To understand the nuances of Balbilla’s Sapphic language, I first consider contemporary visual and textual representations of Sabina. Imperially sanctioned depictions in statuary and on coins presented the empress as a symbol of imperial piety, fecundity, and harmony, often likening her to the goddesses Vesta, Ceres, and Concordia (Brennan, Fejfer). Literary representations similarly focused on her title “Augusta,” her connection to goddesses (e.g. νεάν Δήμητρα, IG, VII, 73 and νέᾳ Ἡρᾳ, TAM, II 2, 560), and her marriage to Hadrian, rather than personal or physical attributes (Carandini). Though this information leads us to expect a certain level of deference in treatments of Sabina at this time, I will show that this is not the case.

I next examine how Sappho was received in the imperial period and whether the homoerotic undertones of her poetry would have been pertinent to Balbilla’s contemporary audience in their reading of her epigrams. From the time of Ovid up to the Oxyrynchus Papyrus, Roman authors seem to have been invested in Sappho’s sexuality, specifically presenting it as homoerotic or exhibiting anxiety over its homoerotic undertones (Auanger). The continued cultural consciousness of a homosexual Sappho necessarily speaks to Balbilla’s poetry: intertexts to Sappho would certainly have marked Balbilla’s poetry as homoerotic. Where Balbilla could have used less erotically-charged language to describe Sabina, she purposely incorporated eroticized Sapphic elements.

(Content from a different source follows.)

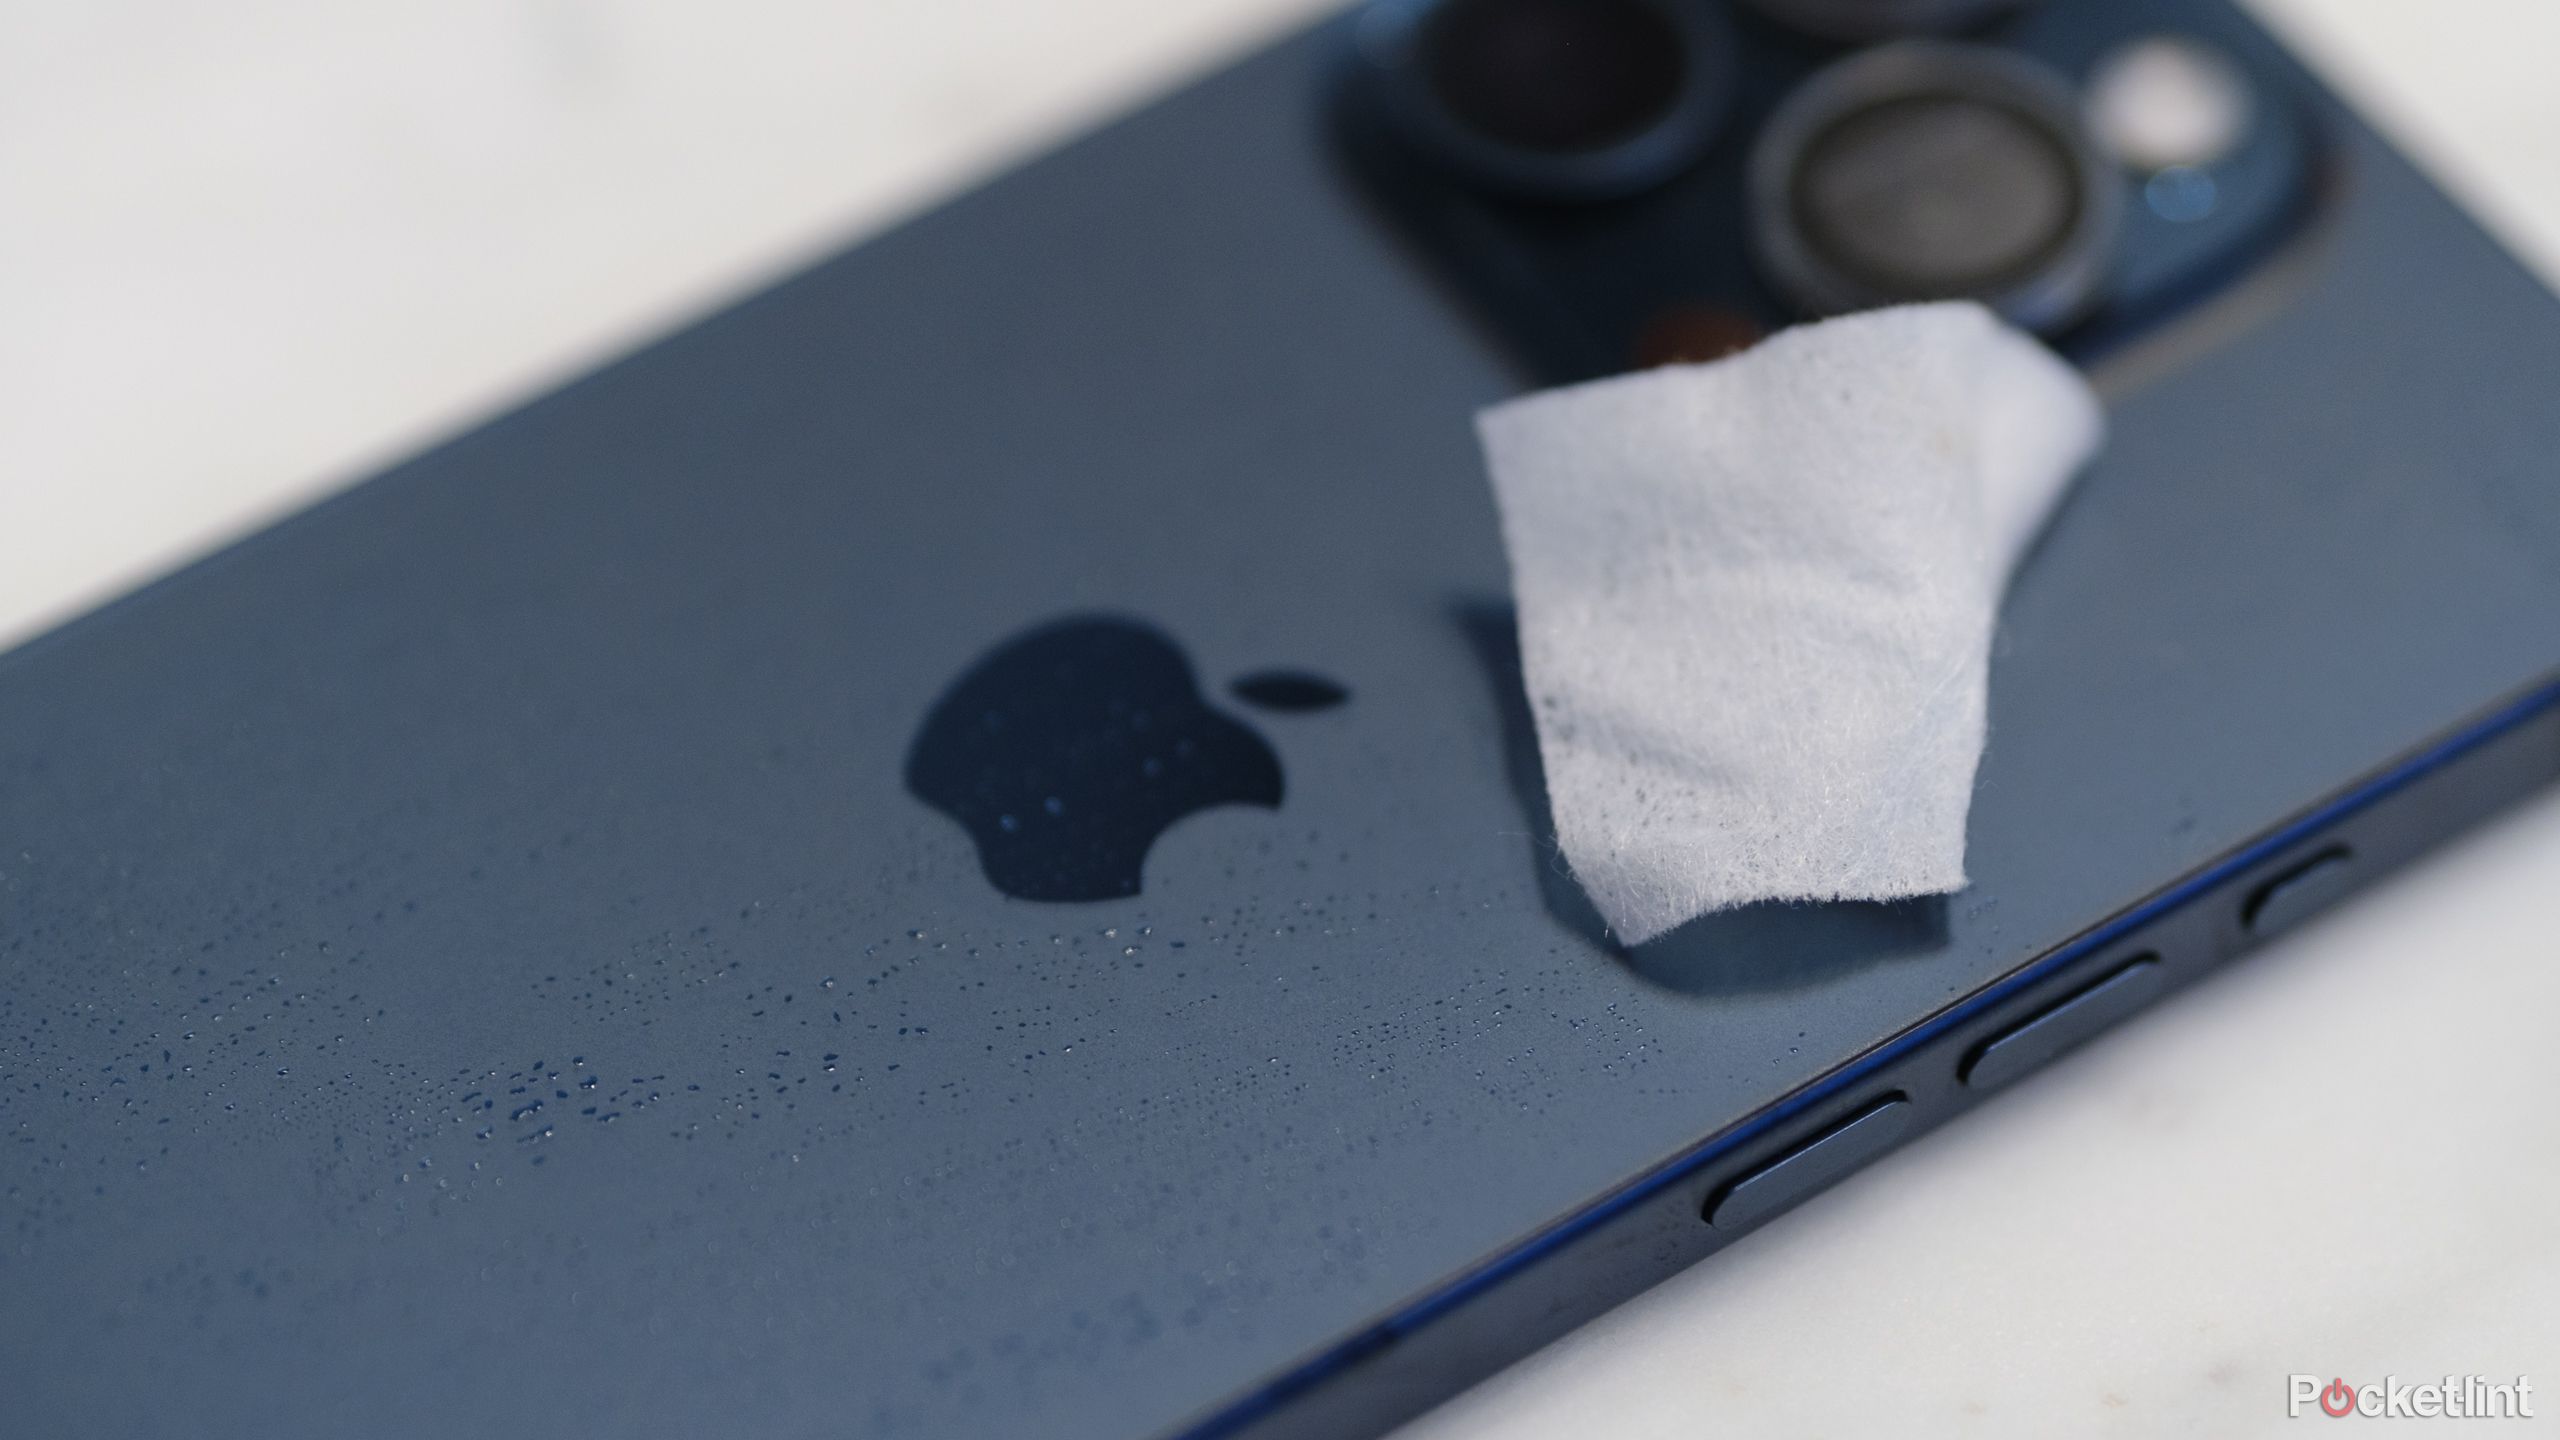 A photograph of a cleaning wipe on an iPhone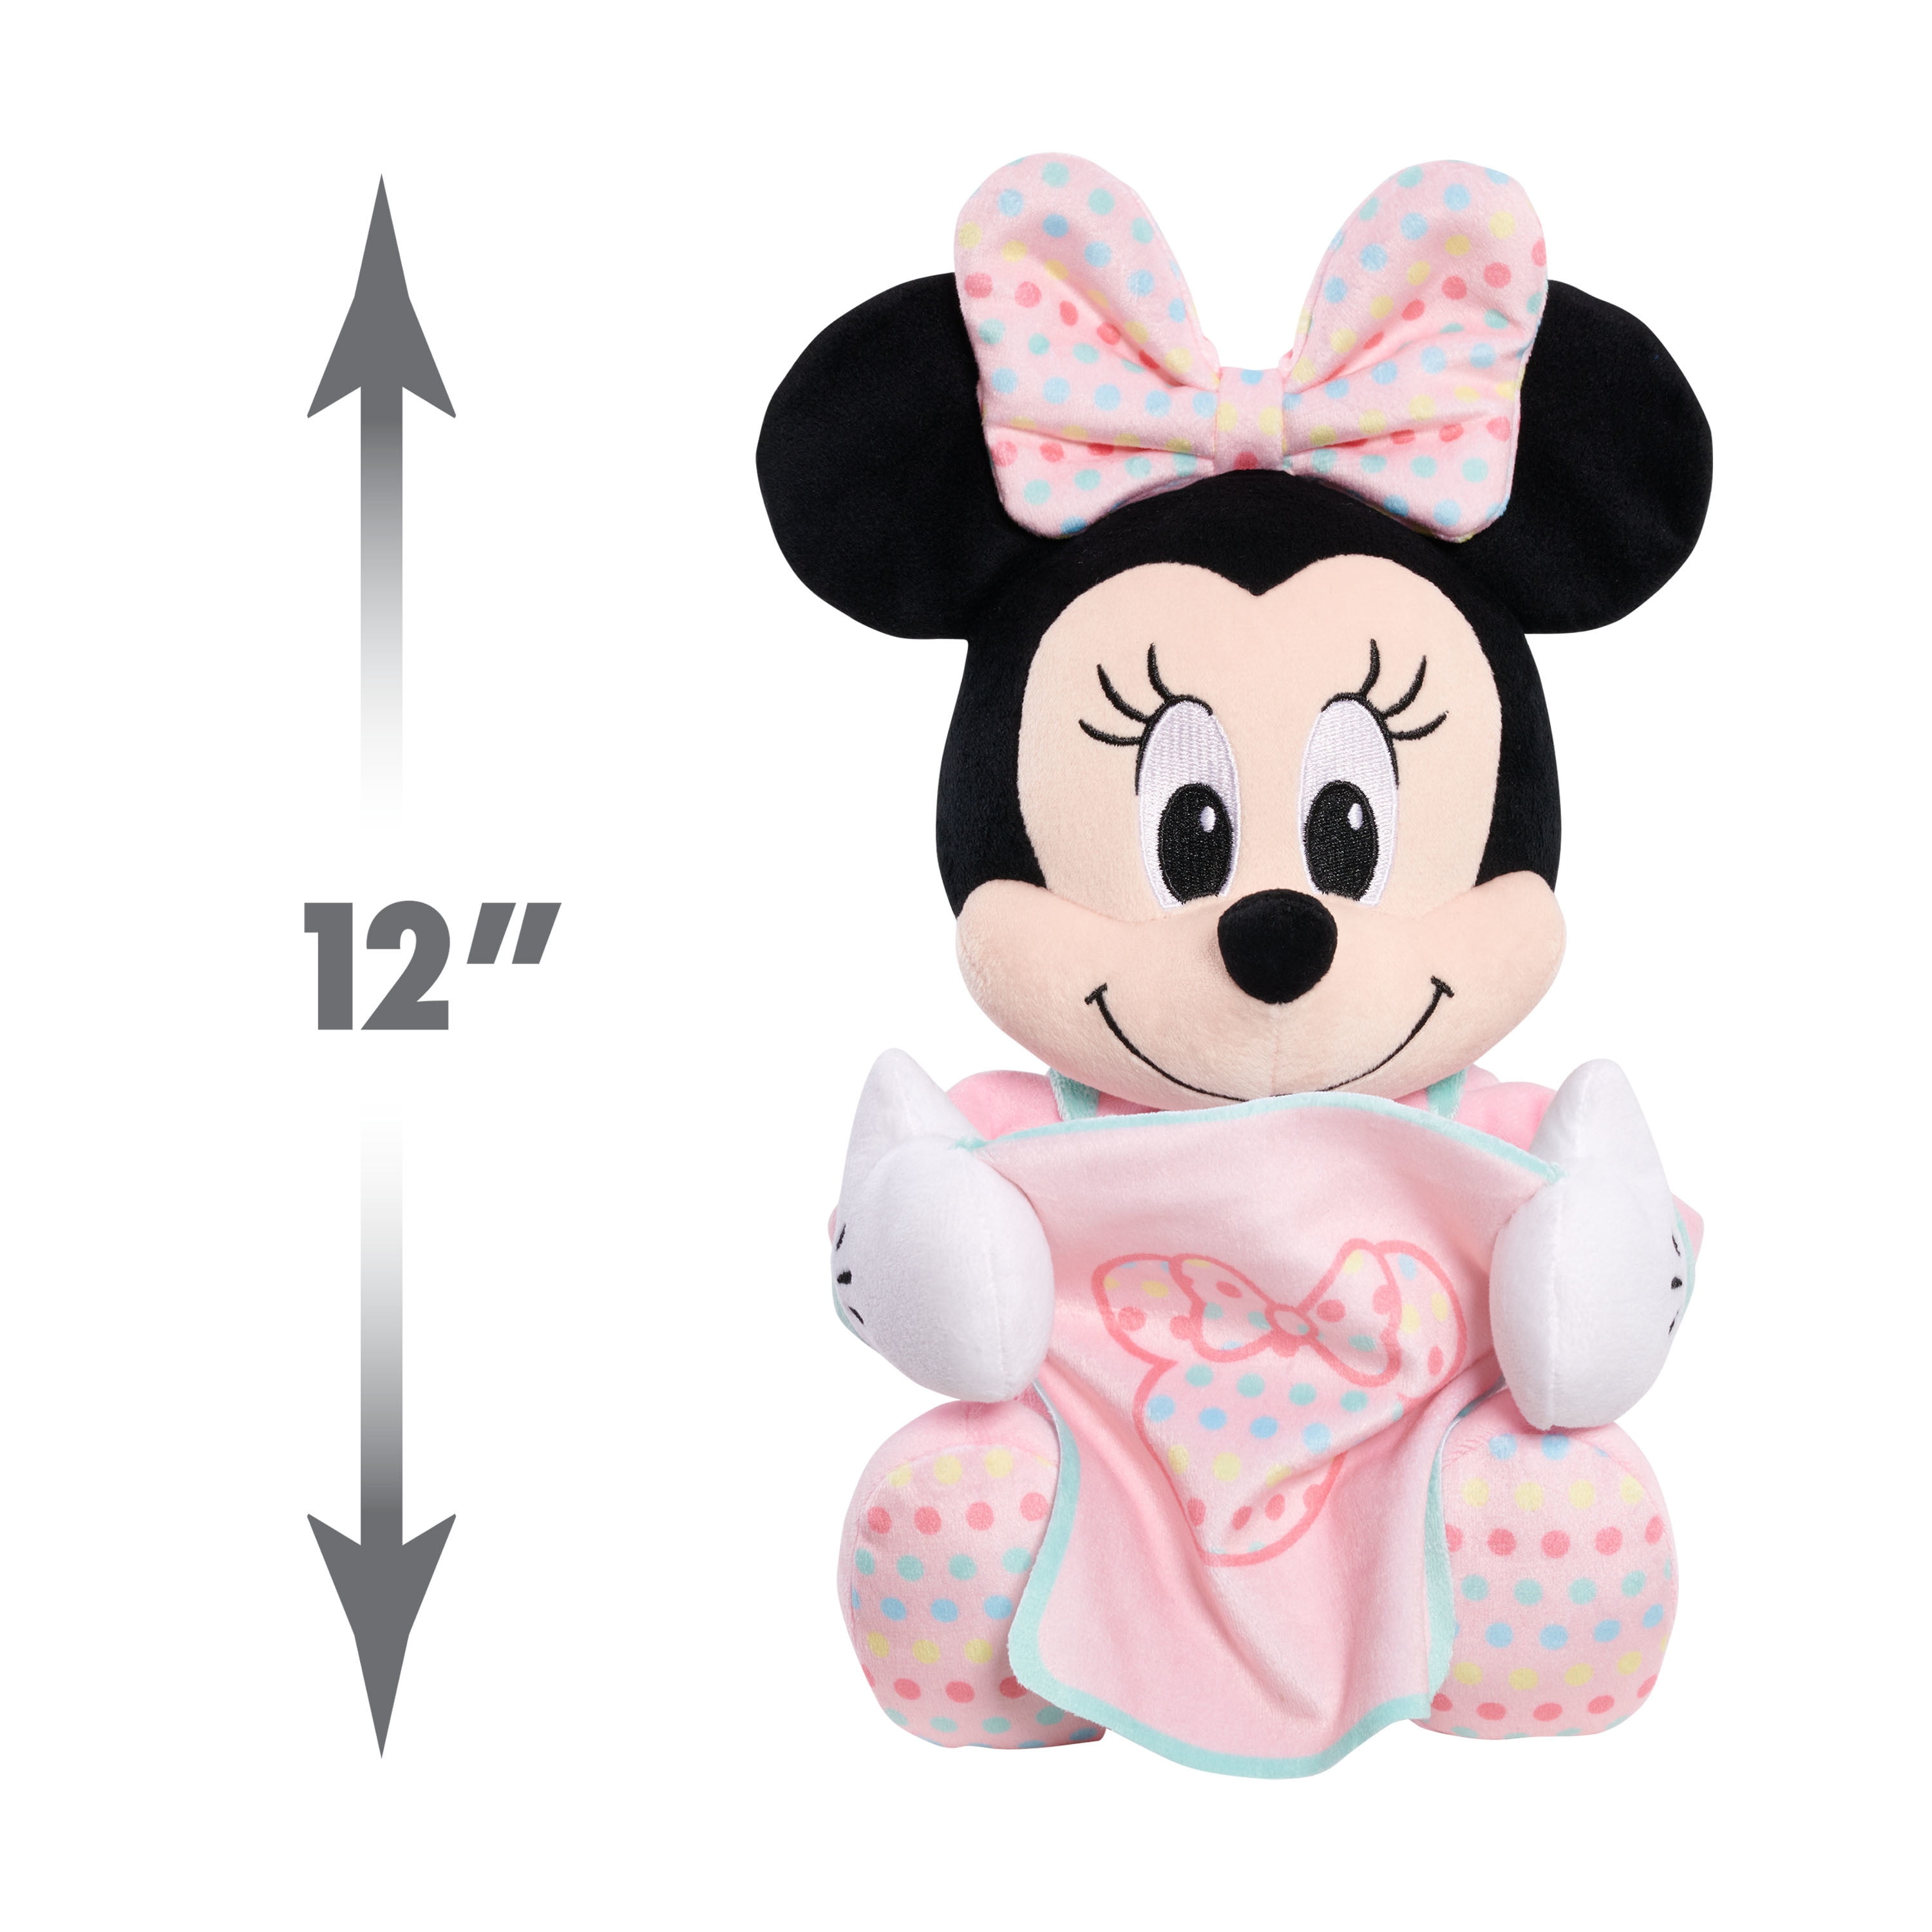 Disney Baby 11-inch Hide-and-Seek Mickey Mouse Interactive Plush, Pretend  Play, Kids Toys for Ages 09 Month by Just Play

Balbilla’s last two epigrams (Bernand 30 and 31) describe Sabina with phrases like κάλα τυῖδε Σάβιννα, ἐράτα μόρφα, and ἐράται βασιλήιδι τυῖδε Σαβίννᾳ, epithets uniquely related to Sappho’s descriptions of beautiful women (Brennan, Rosenmeyer). The structural similarities between Balbilla’s epigram 30 and the love triangle of Sappho fr. 31, where the poetess watches a male figure interact with a female love interest from afar, are particularly striking. I draw on the poetic trope of “passive contrast figure” vs. active lover (Marcovich, Race) to argue that Balbilla casts herself as the active lover (Sappho) and Memnon as the passive contrast figure (“that man” in fr. 31). I also show how Balbilla actively excludes Hadrian from the love narrative until the end of epigram 30, undercutting his involvement with Sabina.

This paper argues that given these poetic maneuvers, Balbilla’s poetry necessitates a queer reading. Such a reading recognizes threads of resistance against dominant ideologies and thereby allows us to accept and explore the sexual complications Balbilla presents, rather than attempting to explain them away. Scholarship on Balbilla has taken a firm stance against the presence of homoeroticism specifically as a response to clumsy claims of an actual lesbian relationship between poetess and empress and not as a response to the poetry itself. Nevertheless, a heteroerotic reading of Balbilla’s poetry misses the mark as much as prior claims of a genuine homosexual relationship.